Harriet很少在Rona和Hermes的争吵中挑边站,如果必须的话,她总是尽量站在Rona那边——也许是因为Hermes有时候太聪明,太冷静,太理智了,使得容易冲动的Rona看起来总是显得有点儿弱势。但是这一次,她破天荒地站在了Hermes那一边。在这件事情上,她和Hermes分享着在麻瓜世界长大所塑造出的价值观念——人人平等,不分肤色,不分种族。只是她以前一直没法系统地去思考这件事情,直到Hermes此刻的突然爆发——
“英格兰在公元一千多年的时候就废除了奴隶制,”Hermes喘息着说道,“十九世纪的时候,所有英国的土地上——包括殖民地——的奴隶都被解放了。美国为此打了一场内战,可是至少那场战争的结果解放了美国土地上的人民。威廉·威伯福斯就说过‘你也许可以选择对此视而不见,但你永远不能再说你对此一无所知’。这不正是你们巫师在做的事情吗?”
Rona张大了嘴巴,Harriet敢说她一个字都没听懂,这让她心里掠过了一丝窃喜,以往总是Rona的口里往外蹦魔法世界的专有名词,而她只能傻乎乎地听着,现在这个场景转换了,竟然出乎意料的有趣。
“你到底读了多少书啊?”Harriet不由得感叹道,“我真奇怪你的父母没有让你跳级提前进入麻瓜中学就读。”
“我的父母当然曾经这么考虑过。”Hermes说,“最后他们还是放弃了,认为这样做也许会给我带来社交压力。多谢他们,我多了很多时间来阅读大量的书籍——十六到二十世纪的欧洲历史是我最感兴趣的部分……”
Rona松了一口气,话题终于从沉重的家养小精灵奴隶上岔开了,变成了Harriet努力用她在小学的时候学的那一点可怜的英国历史知识和世界历史知识来跟上和Hermes的讨论,她不用再被当成对人权问题视而不见的巫师范例被钉死在这餐桌上,便愉快地开始继续享用自己的水果派和巧克力蛋糕。最后,当甜点也从金光闪闪的盘子中消失,邓布利多校长站起了身,正在热切地讨论十六世纪的航海大发现(只有Hermes在滔滔不绝地说,Harriet则在默默地听着,偶尔应上一句 “我听说过这个人”)的Harriet和Hermes也赶紧闭上了嘴巴。

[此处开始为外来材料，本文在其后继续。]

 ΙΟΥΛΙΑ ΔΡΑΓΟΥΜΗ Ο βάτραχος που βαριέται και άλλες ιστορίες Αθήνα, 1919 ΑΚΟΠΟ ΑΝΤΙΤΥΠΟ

邓布利多先是说了一些老生常谈的话题,譬如说费尔奇的禁止使用物品名单,禁林等等,然后他的话锋一转,突然说了一句,“我非常遗憾地告诉大家,今年将不举办学院杯魁地奇赛了。”
四张学院桌子都是哗然声一片,邓布利多不得不提高了音量,才能让大家都听到他的声音,“这是因为在接下来的整一个学年里,霍格沃茨将十分荣幸地举办一项非常精彩的活动,这项活动已经有一个多世界没有举办了。在此,我非常愉快地告诉大家,三强争霸赛将会于今年在或各位举行。”
Harriet不知道三强争霸赛是什么,但是显然出身于巫师家庭的孩子都知道那意味着什么,他们开始兴奋地交头接耳起来,少数出身麻瓜家庭的学生——比如Hermes——大概是从某些书本上了解到了相关信息,也是一副很熟络的样子。然而,她注意到,Rona是唯一一个明白什么是三强争霸赛又没有为此激动起来的学生,正相反,她直挺挺地坐在座位上,脸色苍白。
“你怎么了?”Harriet小声地问道,但这时候邓布利多又继续说话了。
“三强争霸赛大约是七百多年前创立的,是欧洲三所最大的魔法学校之间的一种友谊竞争。这三所学校是:霍格沃茨、布斯巴顿和德姆斯特朗。每个学校选出一名勇士,然后三名勇士比试三种魔法项目。三强争霸赛每五年举行一次,三个学校轮流主办,大家一致认为,这是不同国家之间年轻巫师们建立友谊的绝好方式。”
Harriet一下子就明白了Rona为什么神色瞬间就变了,她大概认为芙蓉·德拉库尔会借着三强争霸赛的机会,来到霍格沃茨增强与Hermes之间的“感情”。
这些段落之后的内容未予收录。